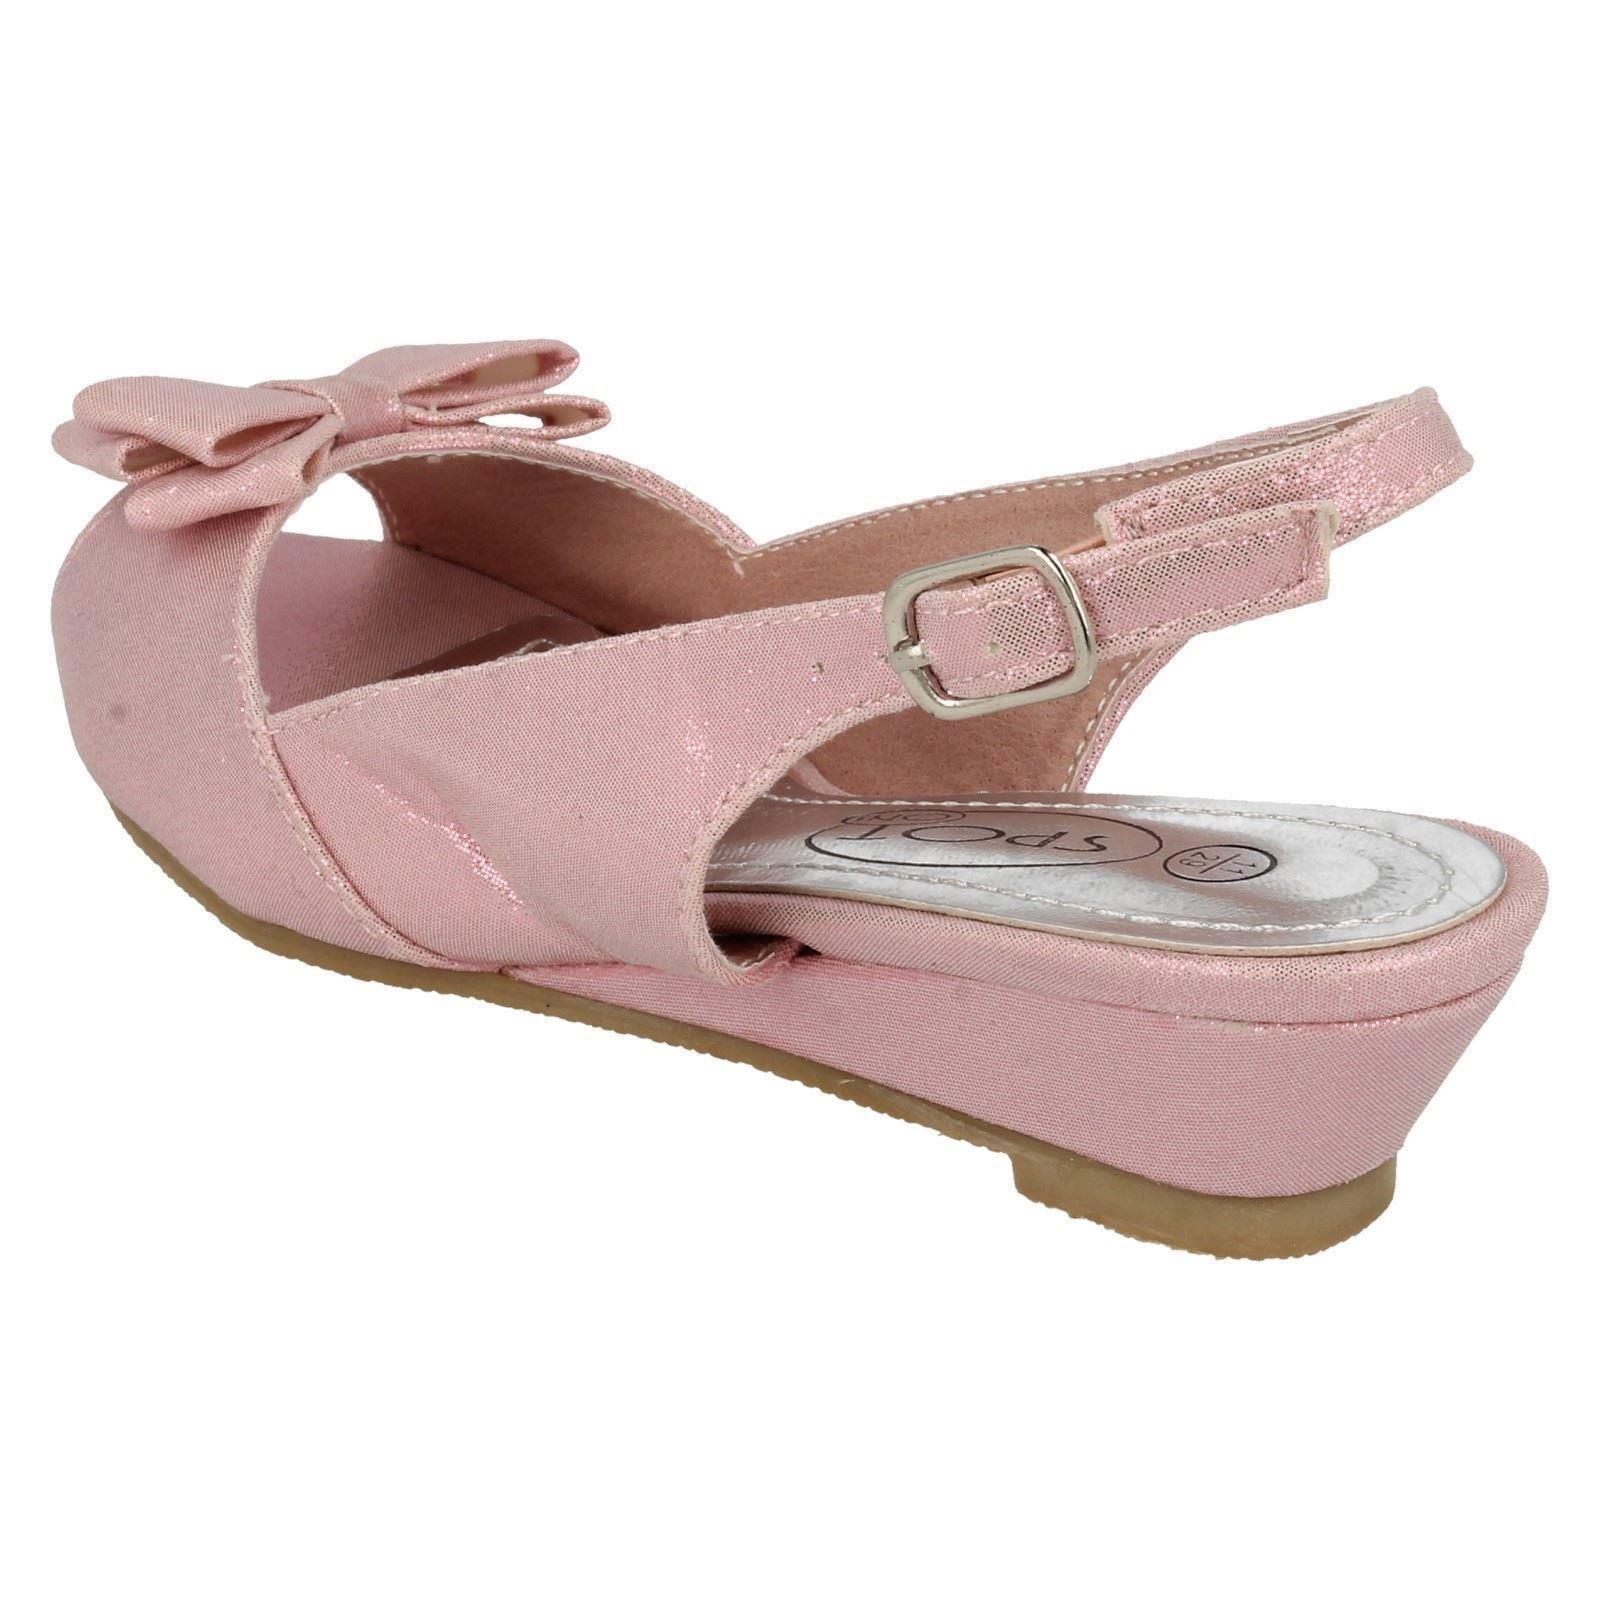 Niñas Spot on Peep Toe Fiesta Zapatos H1089
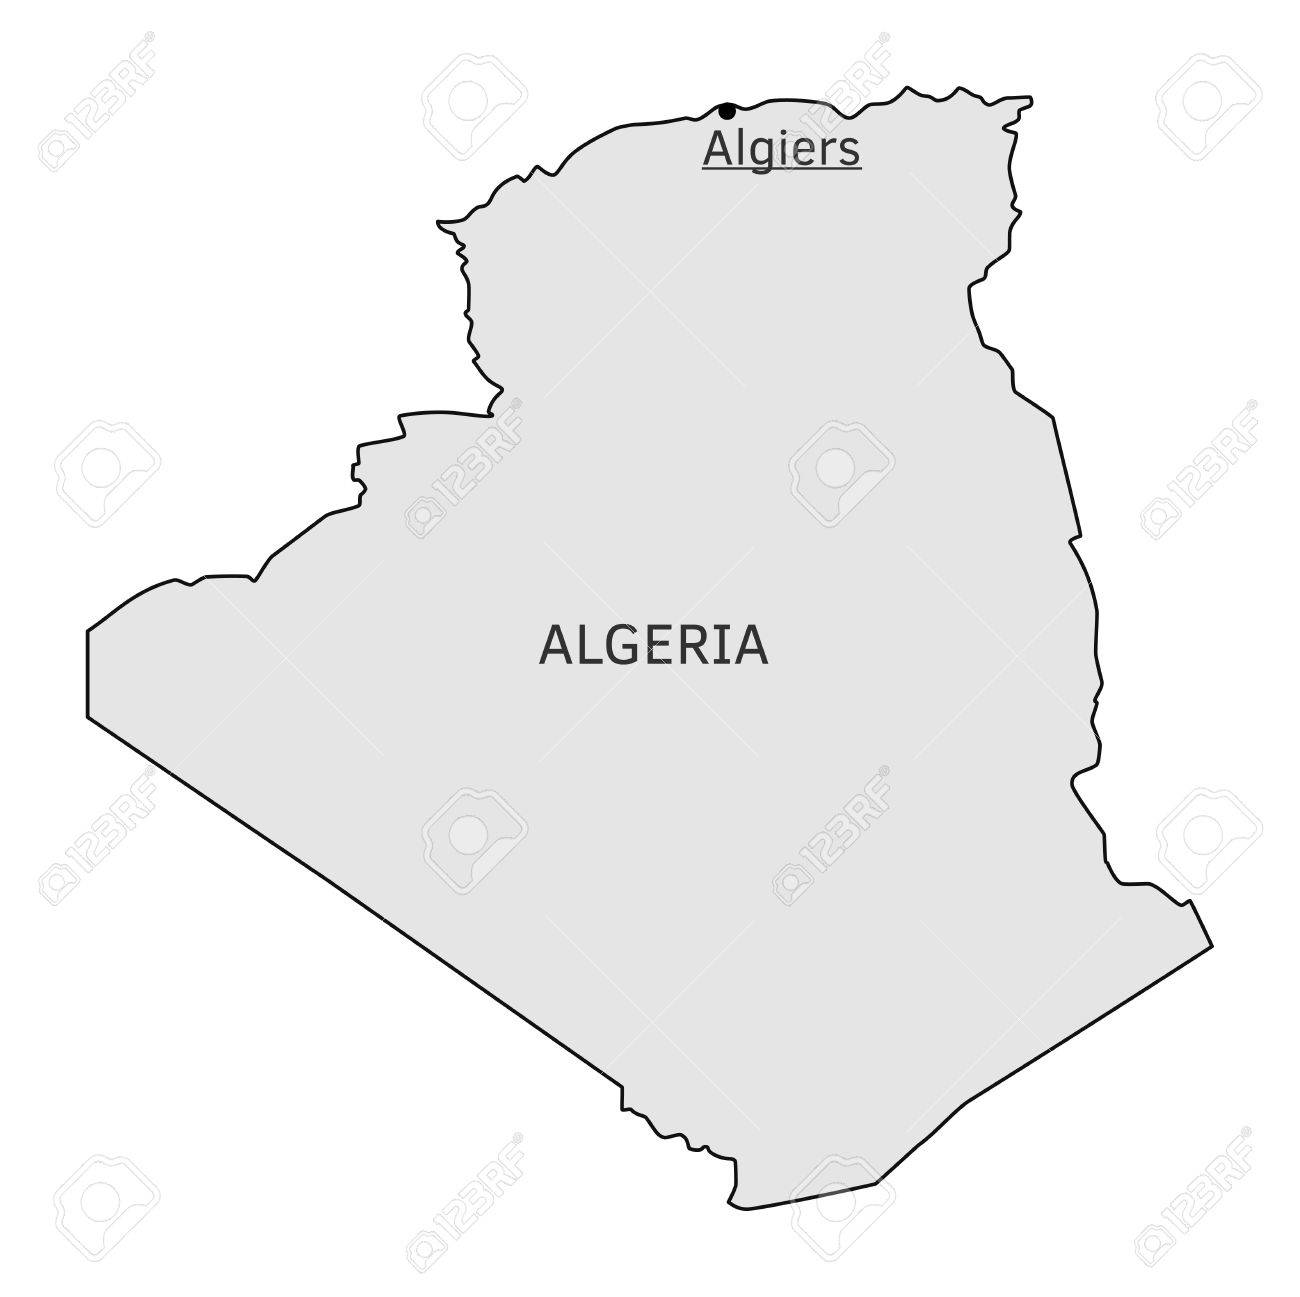 Carte Algeria Vector.Algeria Silhouette Map With Algiers Capital
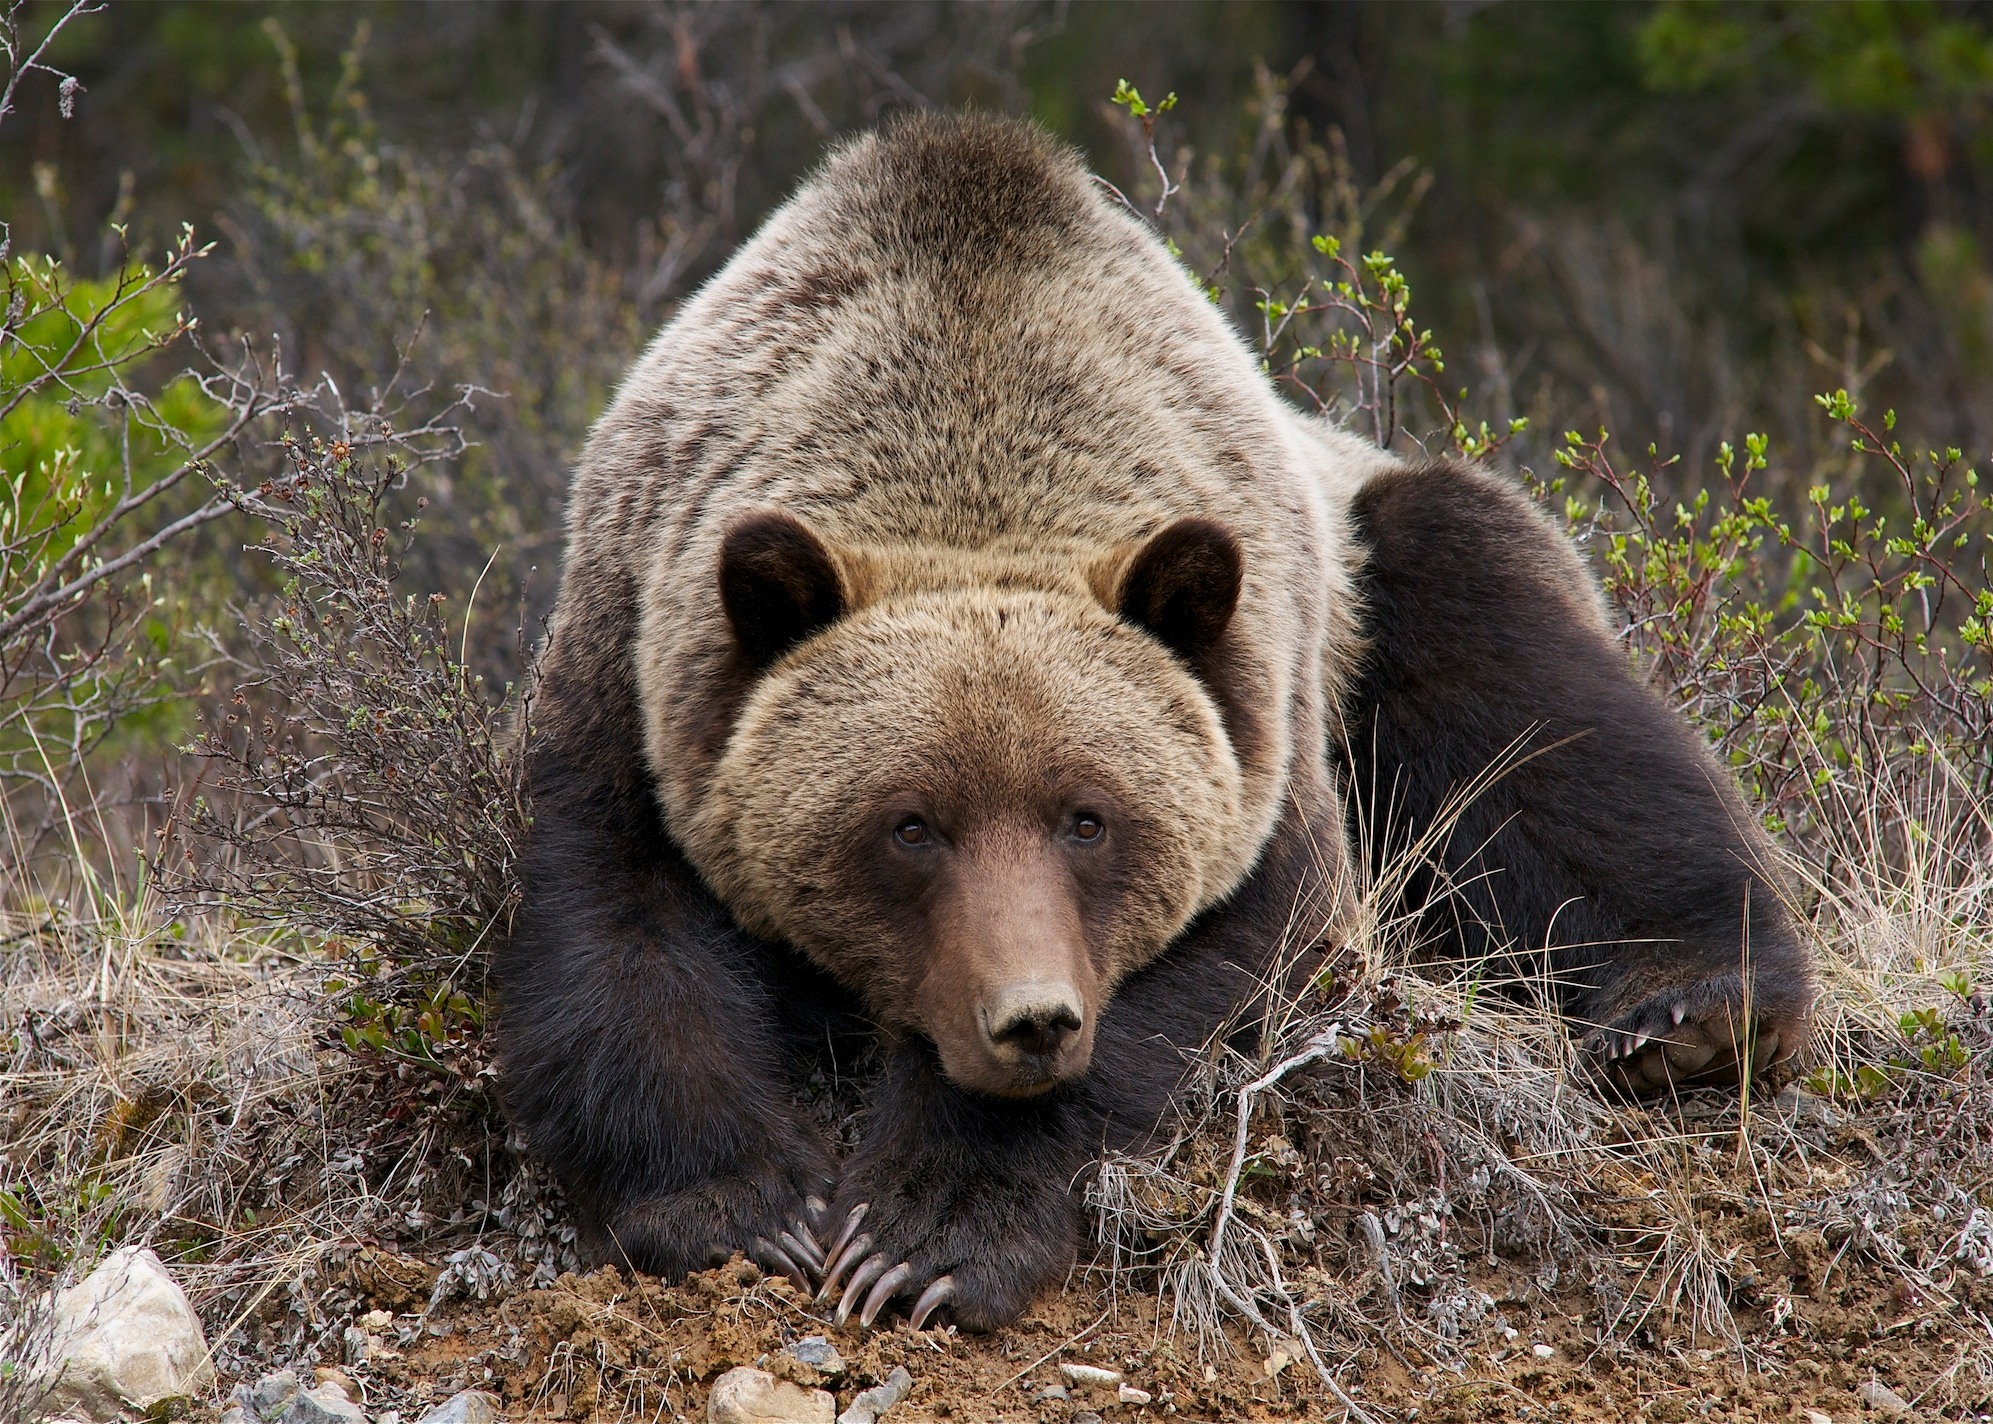 Unbound bear getting hard rod
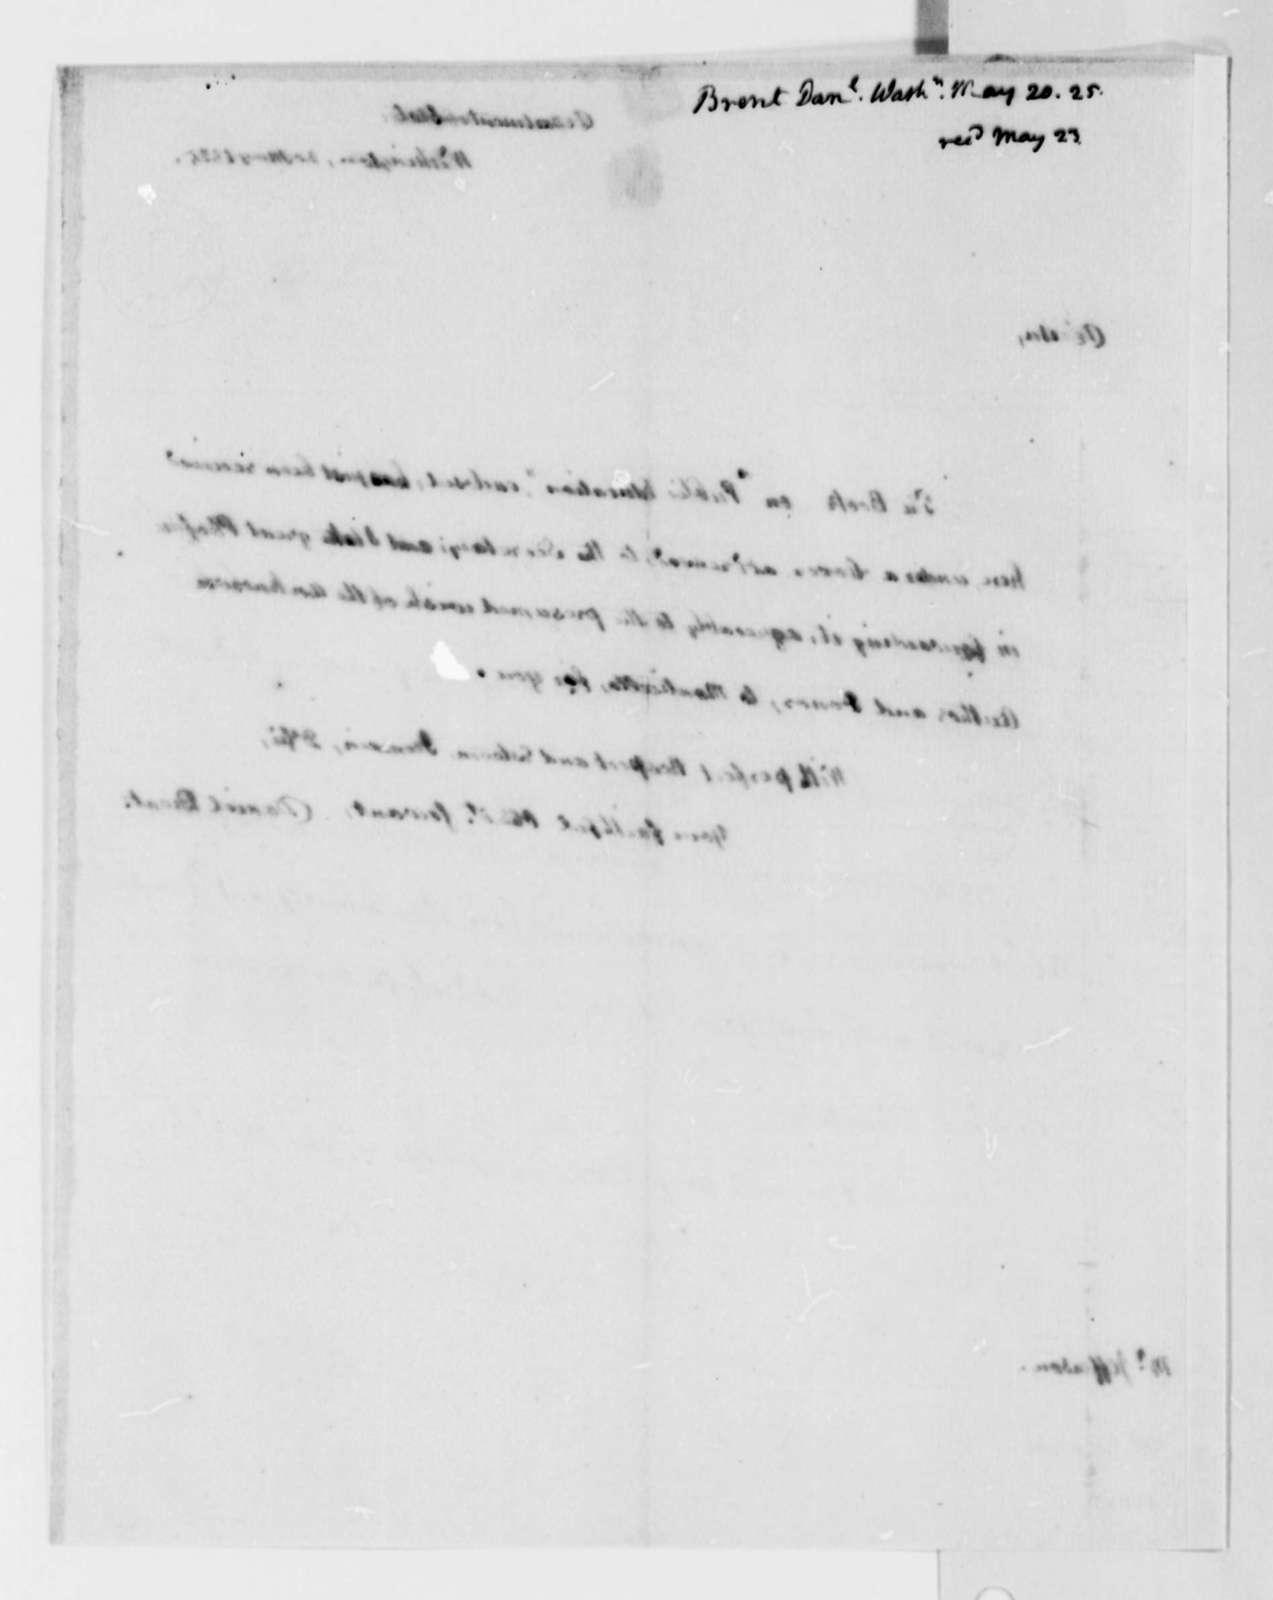 Daniel C. Brent to Thomas Jefferson, May 20, 1825
_____
- **What you will do**:
The lines to write out run from the one containing "Unbound bear getting hard rod" through the final line of the material above, both included; write them out exactly, with no pictures.

- **Reply to the exercise**:
 Unbound bear getting hard rod
 Daniel C. Brent to Thomas Jefferson, May 20, 1825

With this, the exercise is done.